Defendant further contends that he was denied a fair trial by prosecutorial misconduct on summation, but we note that he failed to object to any of the comments he now raises on appeal, and thus his contention is not preserved for our review (see People v Smith, 150 AD3d 1664, 1666 [4th Dept 2017], lv denied 30 NY3d 953 [2017]). In any event, defendant's contention is without merit. We conclude that any improper remarks made by the prosecutor did not deny defendant a fair trial (see id. at 1666-1667). We further conclude that for that reason defendant "was not denied effective assistance of counsel based upon defense counsel's failure to object to those remarks" (Cooper, 134 AD3d at 1586; see People v Collins, 167 AD3d 1493, 1497-1498 [4th Dept 2018], lv denied 32 NY3d 1202 [2019]; Smith, 150 AD3d at 1667). Similarly, "[w]ith respect to the failure of defense counsel to obtain expert testimony regarding eyewitness identification," we conclude that defendant "has failed to demonstrate the absence of strategic or other legitimate explanations for counsel's alleged shortcoming[ ]" (Cooper, 134 AD3d at 1586 [internal quotation marks omitted]; see People v Stanley, 108 AD3d 1129, 1130-1131 [4th Dept 2013], lv denied 22 NY3d 959 [2013]).

Contrary to defendant's contention, viewing the evidence in light of the elements of the crimes as charged to the jury (see People v Danielson, 9 NY3d 342, 349 [2007]), we conclude [*2]that the verdict is not against the weight of the evidence (see generally People v Bleakley, 69 NY2d 490, 495 [1987]). To the extent that the eyewitness's testimony was inconsistent with her initial statement to police officers, "any inconsistencies merely presented issues of credibility for the jury to resolve" (People v Withrow, 170 AD3d 1578, 1579 [4th Dept 2019], lv denied 34 NY3d 940 [2019], denied reconsideration 34 NY3d 1020 [2019]), and we see no reason to disturb its determinations here. The eyewitness "never wavered in her testimony regarding the events or her identification of defendant" (Cooper, 134 AD3d at 1585 [internal quotation marks omitted]).
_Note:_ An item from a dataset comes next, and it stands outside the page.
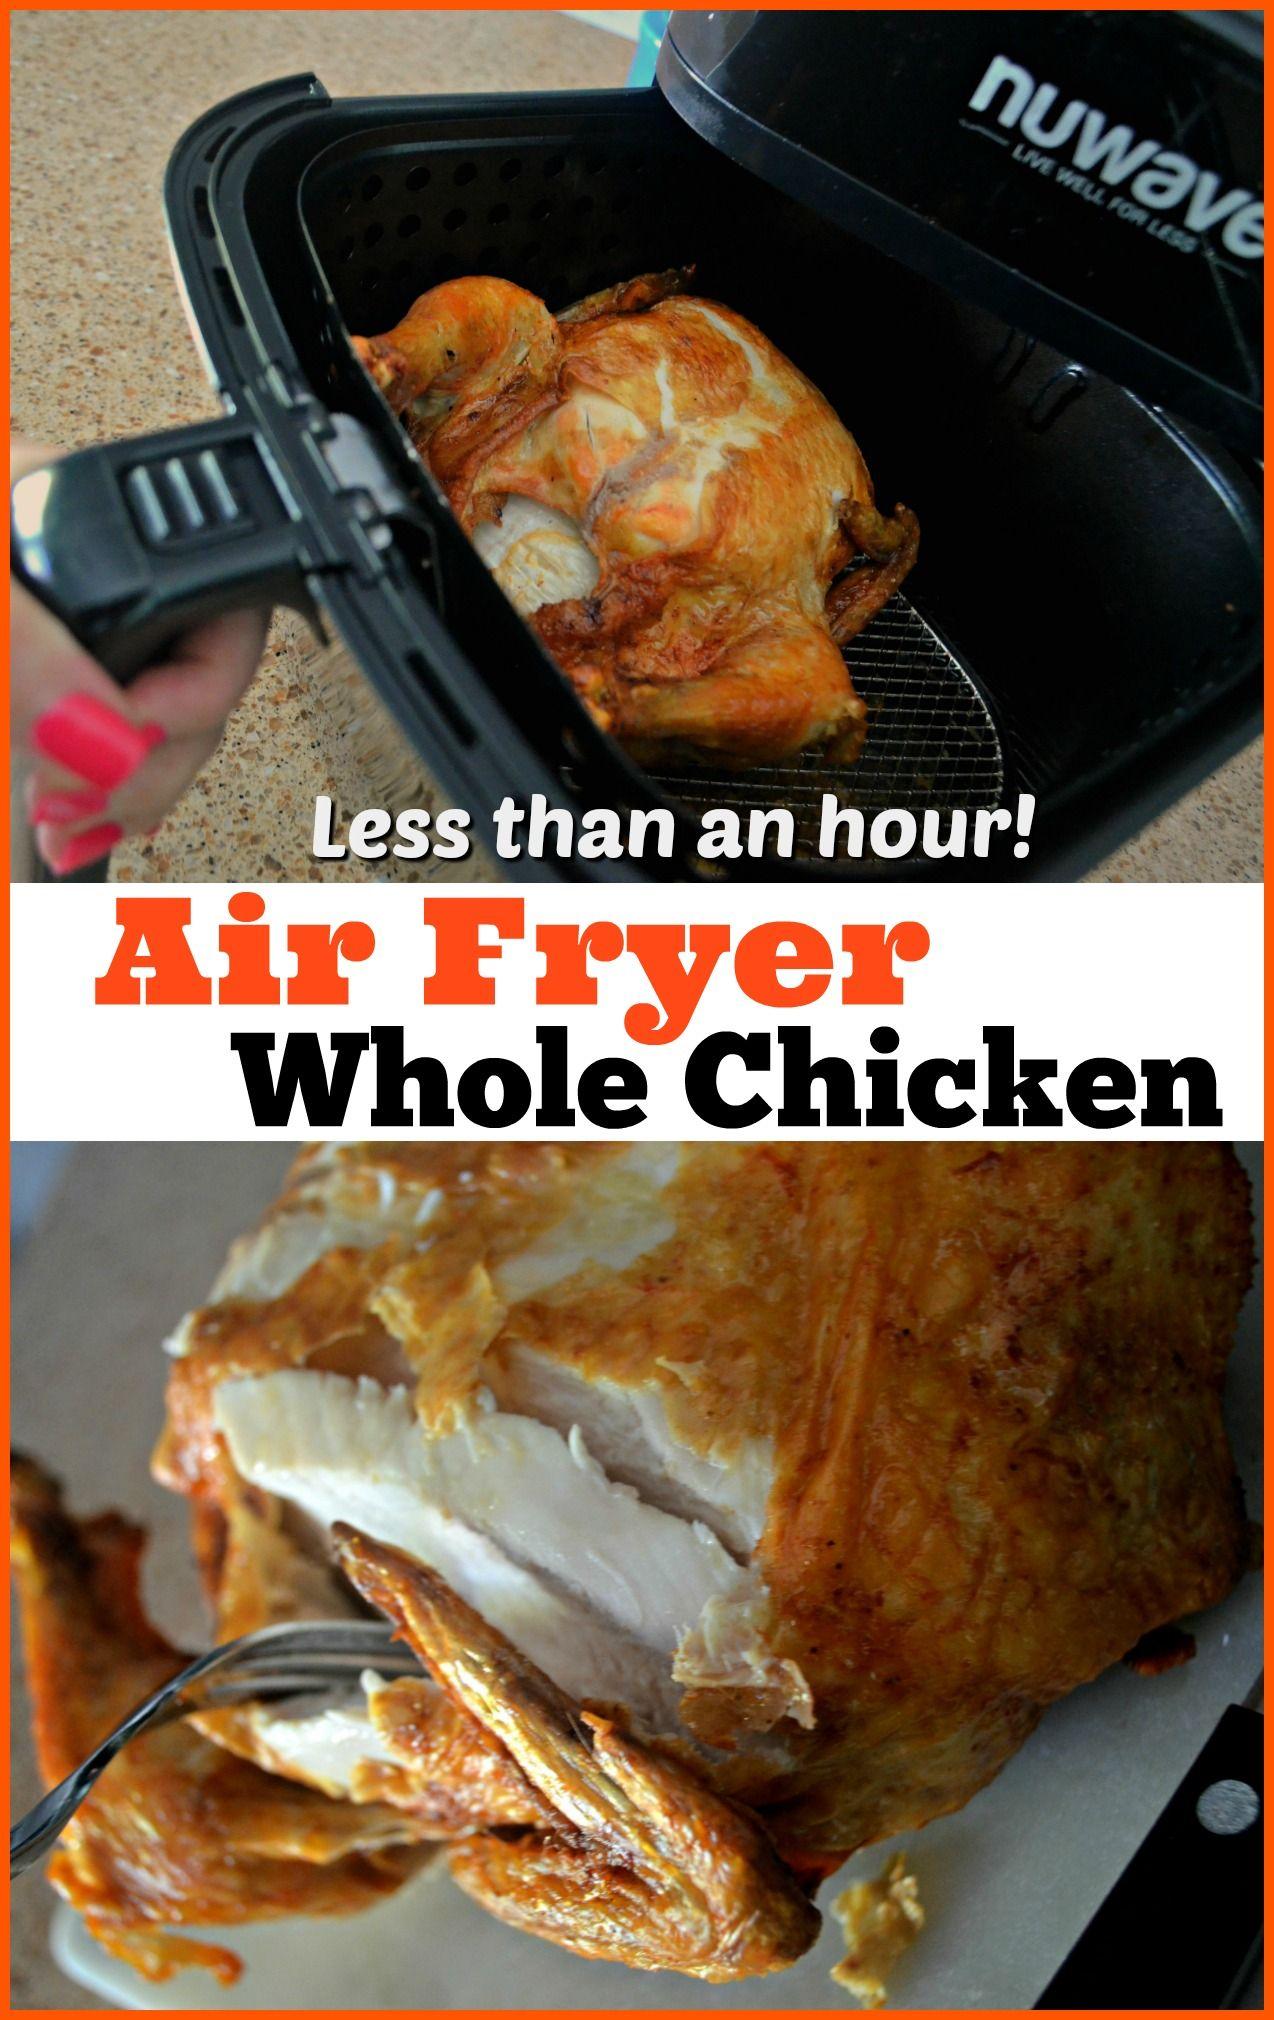 Get crispy skin with tender, falloffthebone chicken in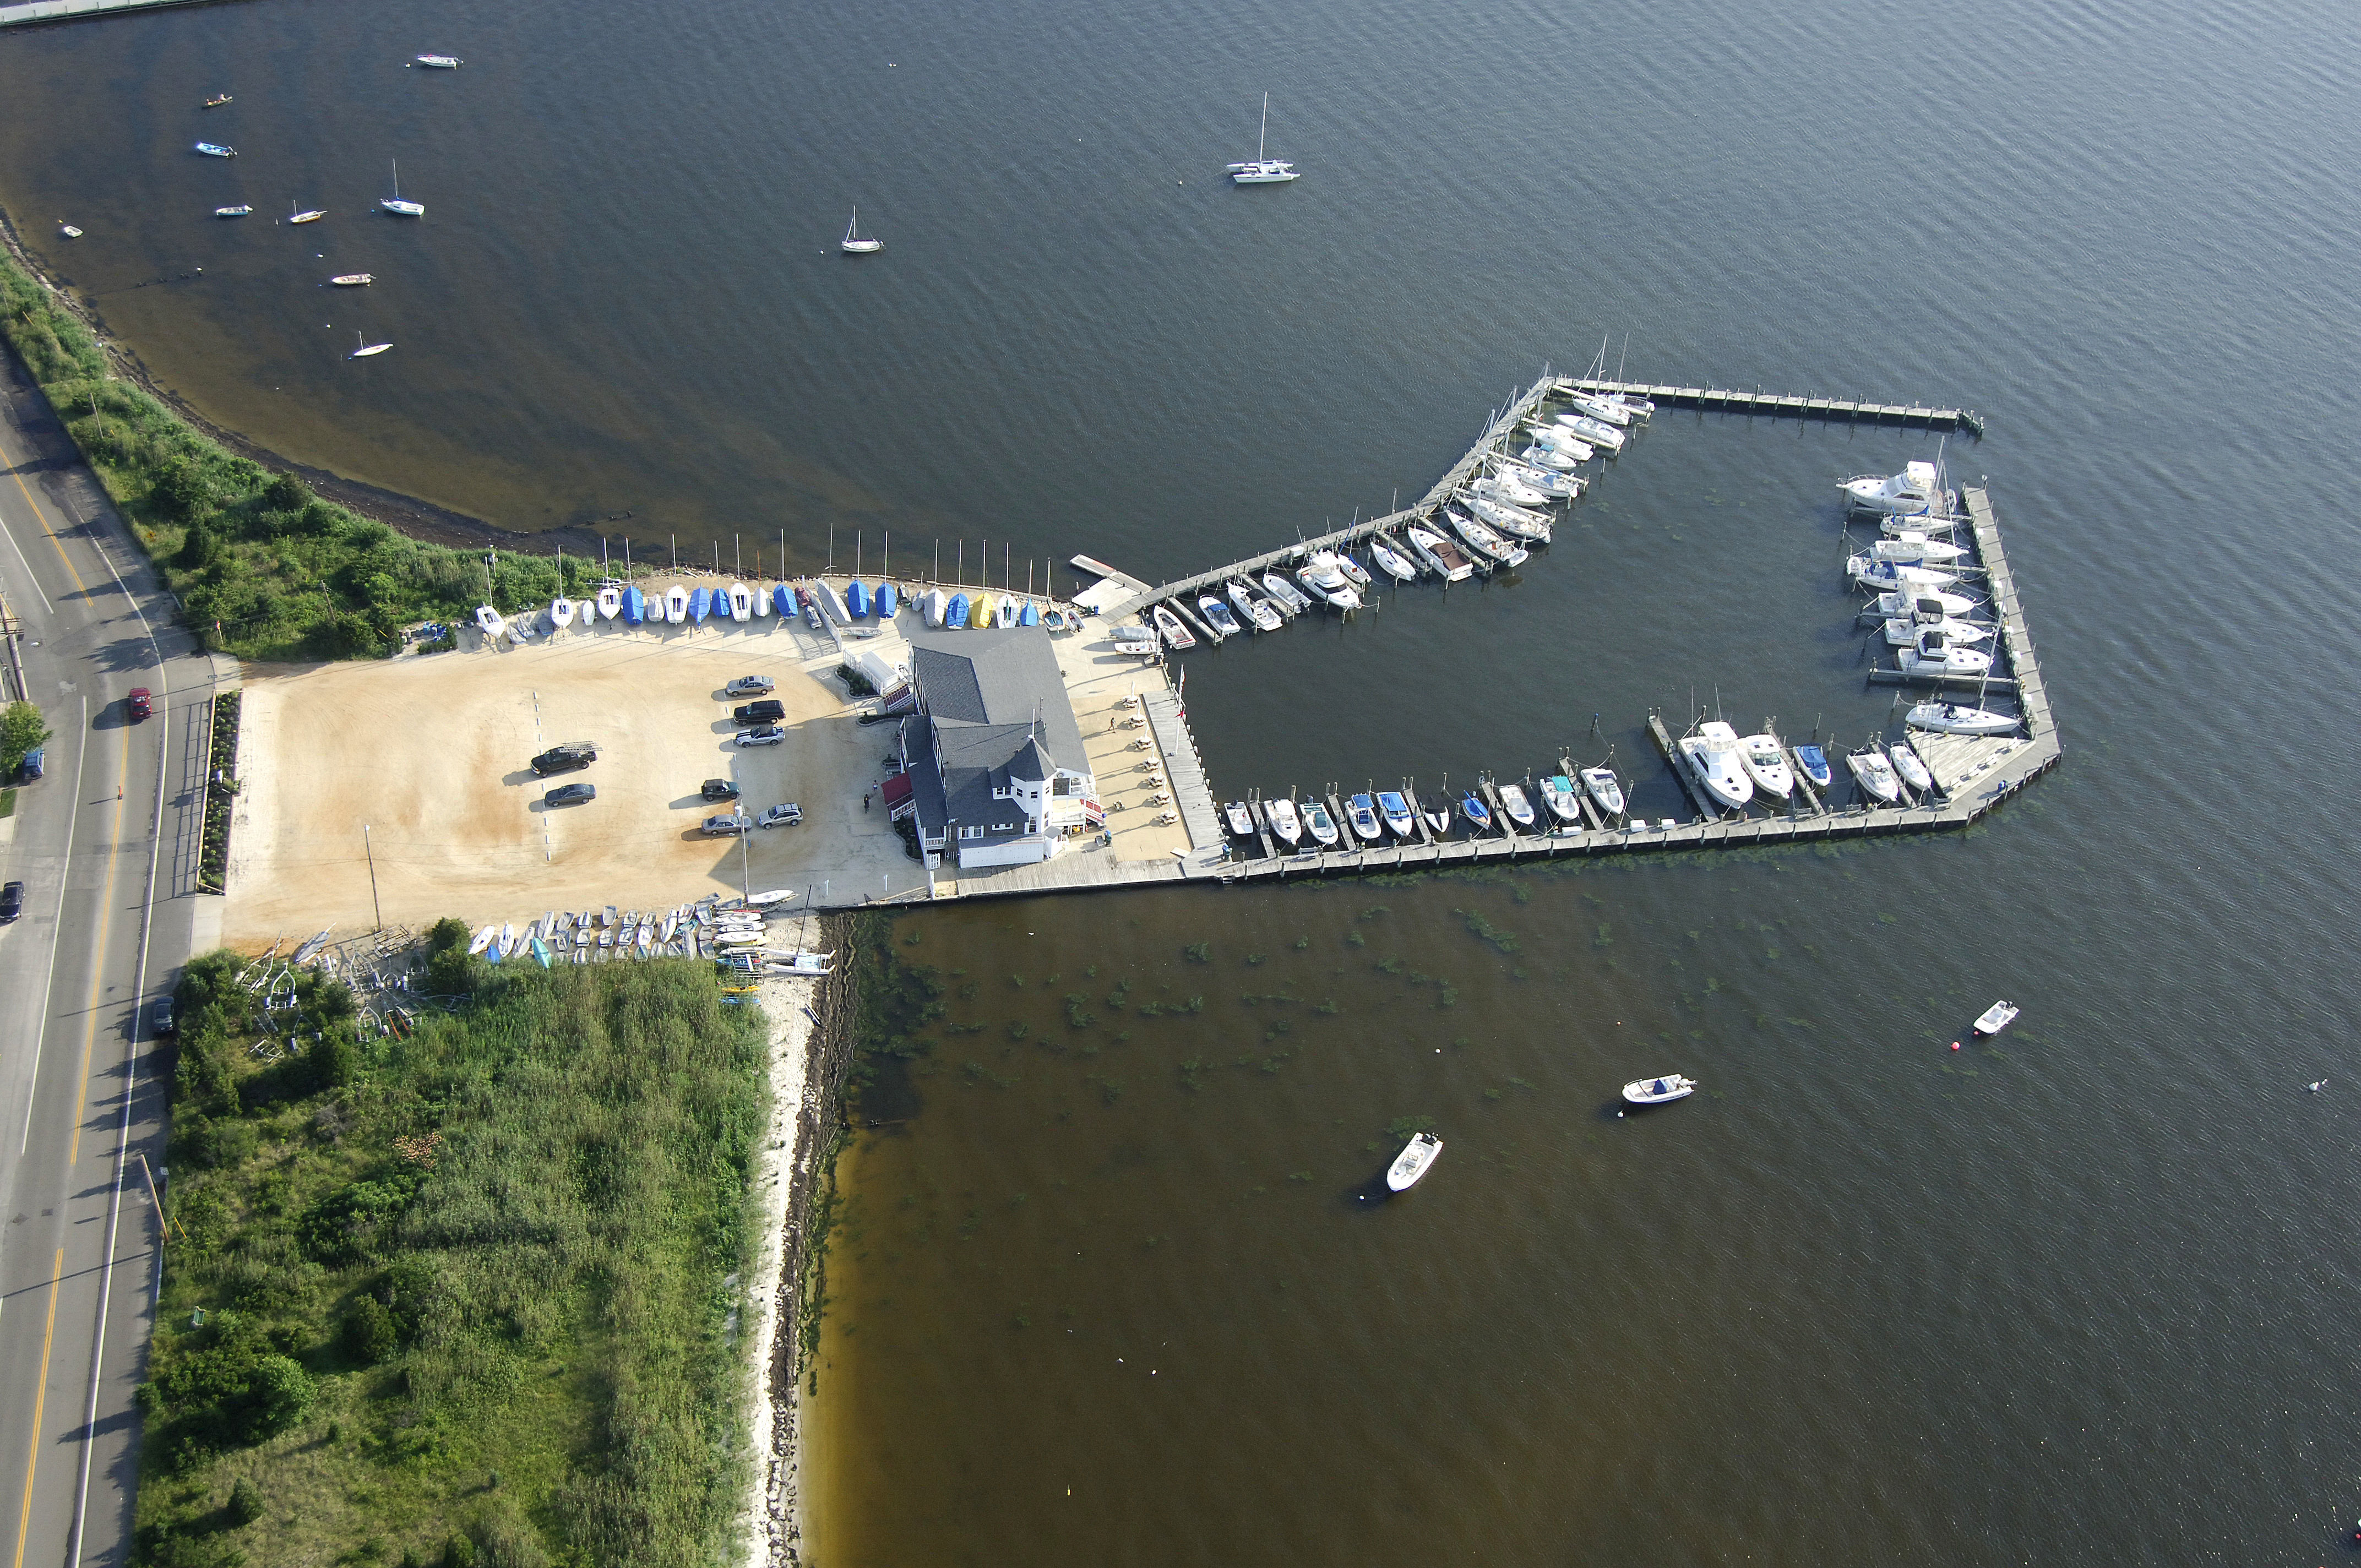 Seaside Park Yacht Club In Seaside Park Nj United States Marina Reviews Phone Number Marinas Com

Finally, as defendant contends, and the People correctly concede, the court erred in failing to determine on the record whether defendant should be afforded youthful offender status. Because defendant was convicted of an armed felony offense (see CPL 1.20 [41]; Penal Law § 70.02 [1] [b]), the court was required to determine whether he was an eligible youth pursuant to CPL 720.10 (3) (see People v Middlebrooks, 25 NY3d 516, 527 [2015]). We therefore hold the case, reserve decision, and remit the matter to Supreme Court to make and state for the record a determination whether defendant is an eligible youth within the meaning of CPL 720.10 (3) and, if so, whether defendant should be afforded youthful offender status (see People v Williams, 185 AD3d 1456, 1457 [4th Dept 2020]). Present—Whalen, P.J., Smith, Peradotto, NeMoyer and Winslow, JJ.